# Miter Saw Table - Are both wings of equal lengths really beneficial?



## keith204 (Nov 5, 2013)

I'm making plans for an upgraded miter saw and creating a proper space/table/jig/stop for it.

The saw will most likely be a Bosch 12" 'gliding' (not sliding) saw, which has dual bevel. Space-wise, it would be nice to have 8' on the left side, and maybe a 3' of table on the right, then 4' of air space farther right (above deep freeze). Am I missing something here? What's the downside of having a shorter right side that I'm missing?


----------



## HokieKen (Apr 14, 2015)

I personally use the right side of my CMS for the "keeper" side. That's where the blade arbor's at so I put my adhesive scale on that side.

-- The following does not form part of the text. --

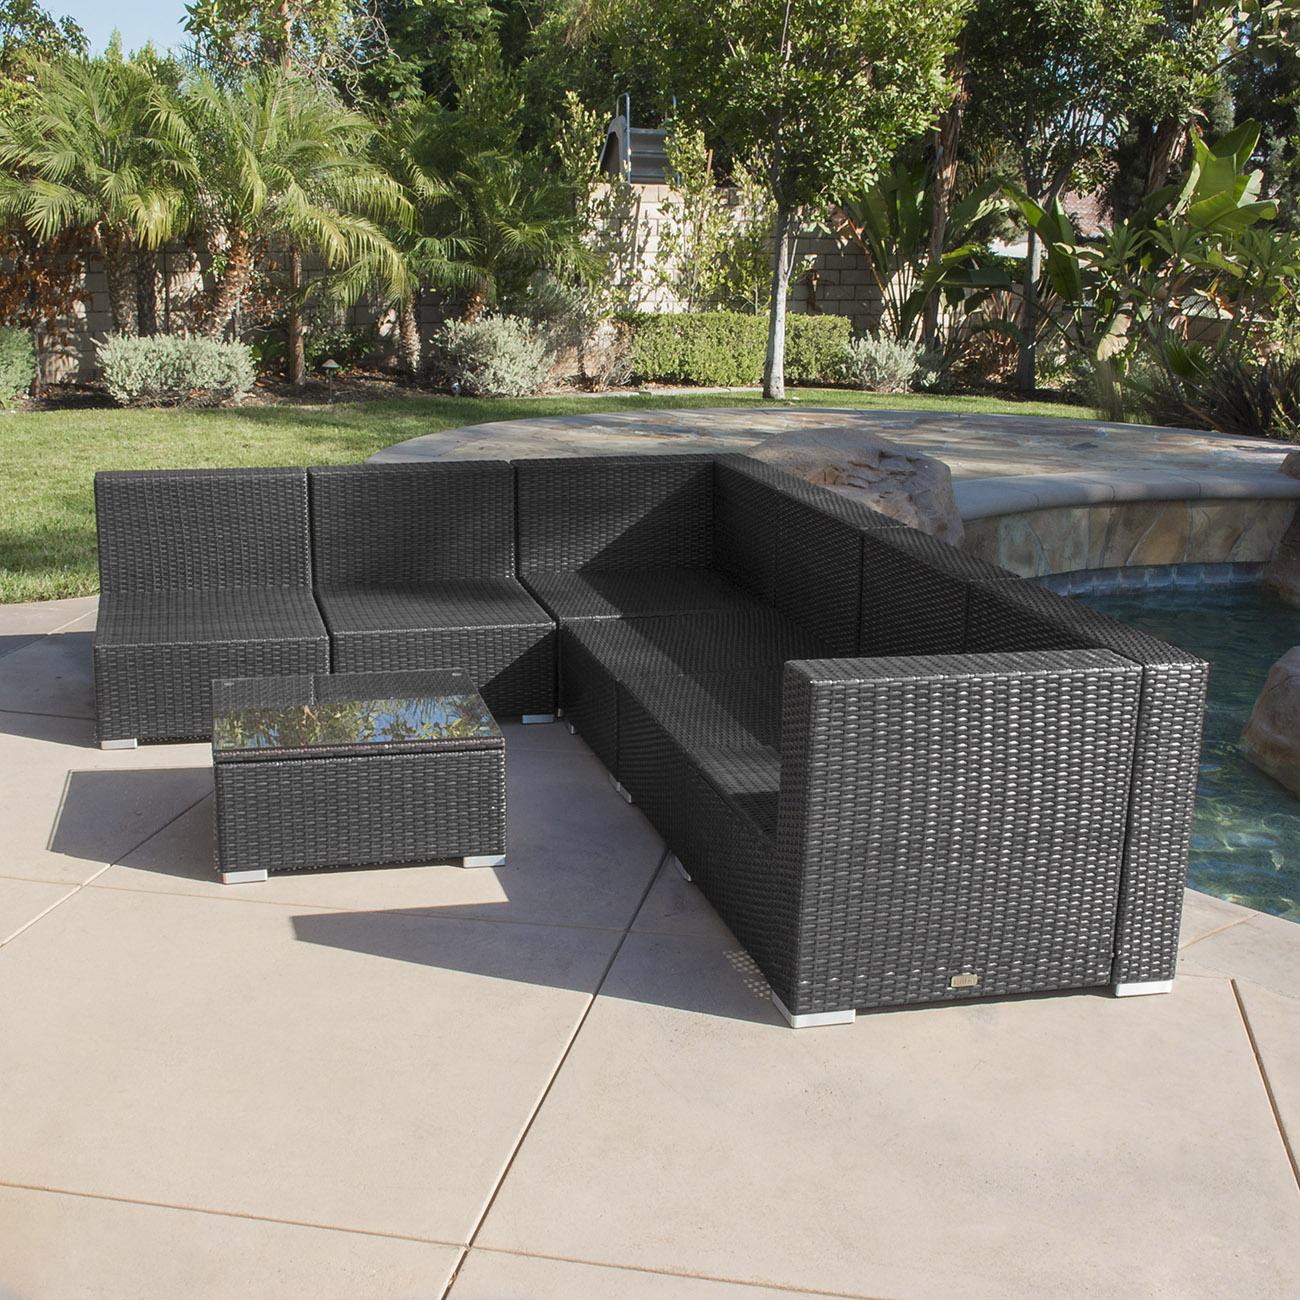 outdoor wicker sofa cushions boston red sox detroit tigers sofascore 7pc patio rattan furniture aluminum

That way, even when I change blades to a thicker/thinner kerf, the scale's still right.

But no, I don't see any reason you need more than 3' on your off-cut side as long as you have space beyond that for longer boards.


----------



## pintodeluxe (Sep 12, 2010)

I have 4' on one side and 2' on the other. Works well for me.


----------



## mtnwalton (Aug 4, 2015)

I've got the same saw and love it. I'm also planning a saw table upgrade. Just can't figure the best way to deal with dust collection. Have fun


----------



## Gizmosity (Oct 28, 2015)

I currently have 8' on both sides but don't use much on the right. I've always used the left and thought I'd see if I would use the right….but I don't. I'm moving things around and will end up with 8' on the left and 3'-4' on the right.


----------



## woodbutcherbynight (Oct 21, 2011)

I put mine in about the middle with the open side of the shop being on the left side for longer pieces. Works well unless you want over 48" on the right side.


----------



## HarveyM (Nov 11, 2012)

When I got my new miter saw I tried the fancy 'five cut' alignment test. My off hand cuts were twice as accurate as the other hand. It might be worth while to check using your new saw before deciding which wing to make longer.


----------



## keith204 (Nov 5, 2013)

Thanks for your advice. Here's what I ended up doing. I still need to make some shelves and cabinets but it's completely super usable for now, so I'm happy like this for awhile, with room for improvement.

In the conduit there are 5 20A circuits. 1 for vacuum, then 2 circuits left and 2 circuits right of the miter saw, using a shared neutral approach.

All of the equipment on the bench is out of the way for cutting long boards.

Shortened the planer cart and sized that cavity to roll it under perfectly.

The router table is a dual-router table, with a granite slab sharpening setup covering the back router plate. So to sharpen things, I pull out the cart.

To the right, I can cut boards over 8' in length, utilizing the otherwise useless space over the freezer.

None of the PVC connections are glued together, but I ran a smoke test (vacuum on, gates closed, smoldering stick) and there was zero smoke being sucked into the connections.


----------



## woodbutcherbynight (Oct 21, 2011)

Nice set-up.


----------